In one possible implementation, the determining module 30 includes:
A first determining unit, configured to determine a third entity associated with the first entity in the knowledge graph according to the relational word, and determine a fourth entity associated with the second entity in the knowledge graph;
And the second determining unit is used for determining an entity to be corrected and an entity after error correction corresponding to the entity to be corrected according to the third entity and the fourth entity.
In a possible implementation manner, the determining unit is specifically configured to:
calculating a first similarity between the first entity and the fourth entity and a second similarity between the second entity and the third entity;
if the first similarity is greater than the second similarity, the first entity and the fourth entity are respectively used as an entity to be corrected and an entity after correction;
and if the second similarity is greater than the first similarity, respectively using the second entity and the third entity as an entity to be corrected and an entity after correction.

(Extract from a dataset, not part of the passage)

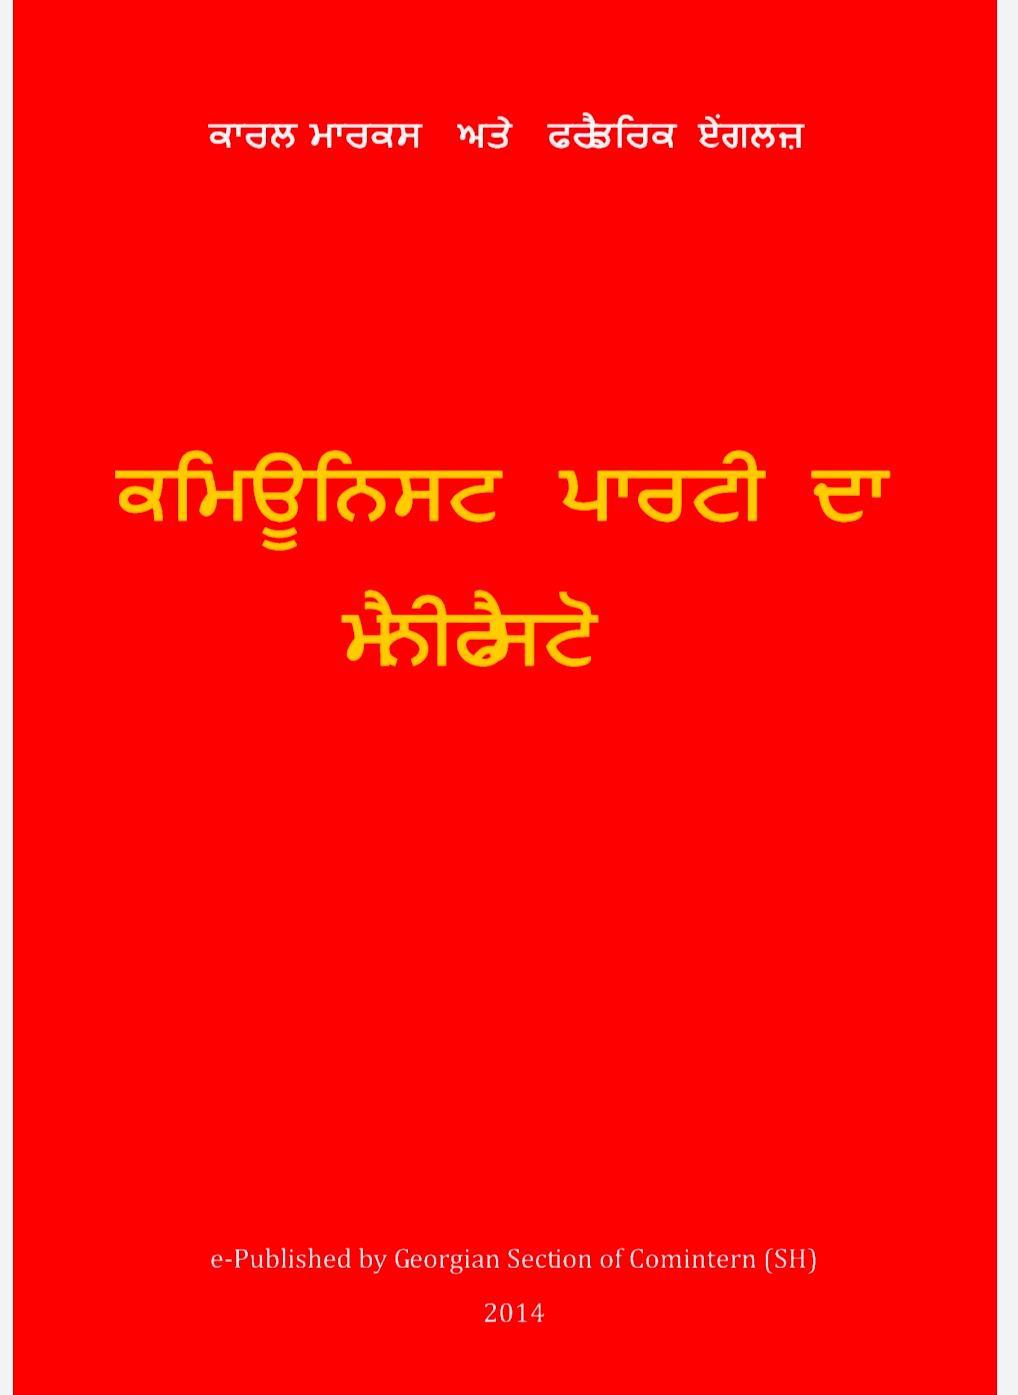 Karl Marx, Friedrich Engels: ਕਮਿਊਨਿਸਟ ਪਾਰਟੀ ਦਾ ਮੈਨੀਫੈਸਟੋ (Punjabi language, 2014, Shmg press)

In a possible implementation, the determining unit is further configured to:
and calculating the first similarity according to the edit distance between the first entity and the fourth entity, and calculating the second similarity according to the edit distance between the second entity and the third entity.
In one possible implementation manner, the first determining unit is specifically configured to:
If the relation word does not exist in the knowledge graph, acquiring a synonym corresponding to the relation word from a preset synonym word stock;
and determining a third entity associated with the first entity in the knowledge graph according to the synonyms, and determining a fourth entity associated with the second entity in the knowledge graph.
In a possible implementation manner, the first determining unit is further configured to:
If a preset reverse word corresponding to the relationship word exists in a reverse word library, determining a third entity associated with the first entity in the knowledge graph according to the relationship word, and determining a fourth entity associated with the second entity in the knowledge graph according to the reverse word.
In one possible implementation, the semantic error correction apparatus further comprises an identification module,
The identification module is used for carrying out semantic identification on the text data;
Correspondingly, the extraction module 20 is specifically configured to:
And if the text data has semantic errors, extracting a first entity, a second entity and related words for associating the first entity and the second entity in the text data.
In one possible implementation, the error correction module 40 is further configured to:
and determining the user intention according to the text data after error correction.
It should be noted that, because the content of information interaction and execution process between the above devices/units is based on the same concept as the method embodiment of the present application, specific functions and technical effects thereof may be referred to in the method embodiment section, and will not be described herein.
Fig. 8 is a schematic structural diagram of an electronic device according to an embodiment of the present application. As shown in fig. 8, the electronic apparatus of this embodiment includes: a processor 11 (only one processor is shown in fig. 8), a memory 12 and a computer program 13 stored in the memory 12 and executable on the processor 11, the processor 11 implementing the steps in the above-described embodiments of the semantic error correction method when executing the computer program 13, such as steps S101 to S105 shown in fig. 2. Or the processor 11, when executing the computer program 13, performs the functions of the modules/units of the device embodiments described above, e.g. the functions of the modules 10 to 40 shown in fig. 7.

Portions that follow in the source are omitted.